This is an automated email from the ASF dual-hosted git repository.
snuyanzin pushed a commit to branch master
in repository https://gitbox.apache.org/repos/asf/flink.git
The following commit(s) were added to refs/heads/master by this push:
new 83d68cd3549 [FLINK-39053][format/avro] Support VARCHAR to ENUM
conversion in avro-confluent format
83d68cd3549 is described below
commit 83d68cd3549c1988598df397a45356d9812ab795
Author: ddebowczyk92 <[email protected]>
AuthorDate: Sun Mar 22 19:18:06 2026 +0100
[FLINK-39053][format/avro] Support VARCHAR to ENUM conversion in
avro-confluent format
---
.../formats/avro/RowDataToAvroConverters.java | 3 +
.../AvroRowDataSchemaProvidedSerDeSchemaTest.java | 281 +++++++++++++++++++++
2 files changed, 284 insertions(+)
diff --git
a/flink-formats/flink-avro/src/main/java/org/apache/flink/formats/avro/RowDataToAvroConverters.java
b/flink-formats/flink-avro/src/main/java/org/apache/flink/formats/avro/RowDataToAvroConverters.java
index af7a936b270..202cd601bc0 100644
---
a/flink-formats/flink-avro/src/main/java/org/apache/flink/formats/avro/RowDataToAvroConverters.java
+++
b/flink-formats/flink-avro/src/main/java/org/apache/flink/formats/avro/RowDataToAvroConverters.java
@@ -139,6 +139,9 @@ public class RowDataToAvroConverters {
@Override
public Object convert(Schema schema, Object
object) {
+ if (schema.getType() == Schema.Type.ENUM) {
+ return new GenericData.EnumSymbol(schema,
object.toString());
+ }
return new Utf8(object.toString());
}
};
diff --git
a/flink-formats/flink-avro/src/test/java/org/apache/flink/formats/avro/AvroRowDataSchemaProvidedSerDeSchemaTest.java
b/flink-formats/flink-avro/src/test/java/org/apache/flink/formats/avro/AvroRowDataSchemaProvidedSerDeSchemaTest.java
new file mode 100644
index 00000000000..c07f153170a
--- /dev/null
+++
b/flink-formats/flink-avro/src/test/java/org/apache/flink/formats/avro/AvroRowDataSchemaProvidedSerDeSchemaTest.java
@@ -0,0 +1,281 @@
+/*
+ * Licensed to the Apache Software Foundation (ASF) under one
+ * or more contributor license agreements.
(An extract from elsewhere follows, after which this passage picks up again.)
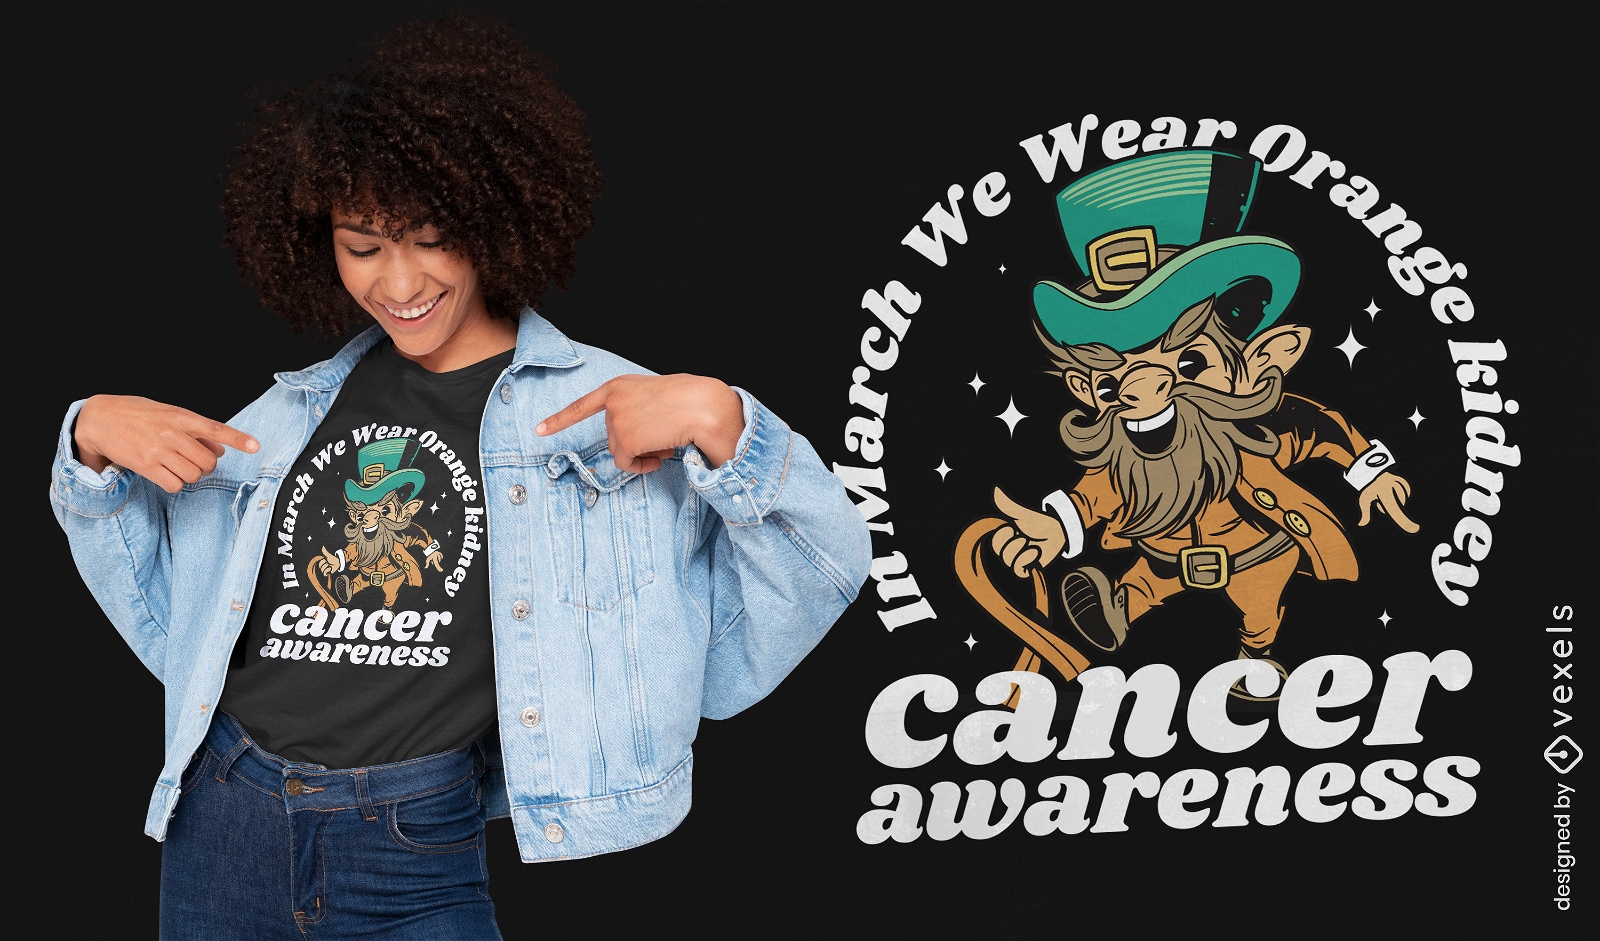 Leprechaun cancer awareness t-shirt design

See the NOTICE file
+ * distributed with this work for additional information
+ * regarding copyright ownership. The ASF licenses this file
+ * to you under the Apache License, Version 2.0 (the
+ * "License"); you may not use this file except in compliance
+ * with the License. You may obtain a copy of the License at
+ *
+ * http://www.apache.org/licenses/LICENSE-2.0
+ *
+ * Unless required by applicable law or agreed to in writing, software
+ * distributed under the License is distributed on an "AS IS" BASIS,
+ * WITHOUT WARRANTIES OR CONDITIONS OF ANY KIND, either express or implied.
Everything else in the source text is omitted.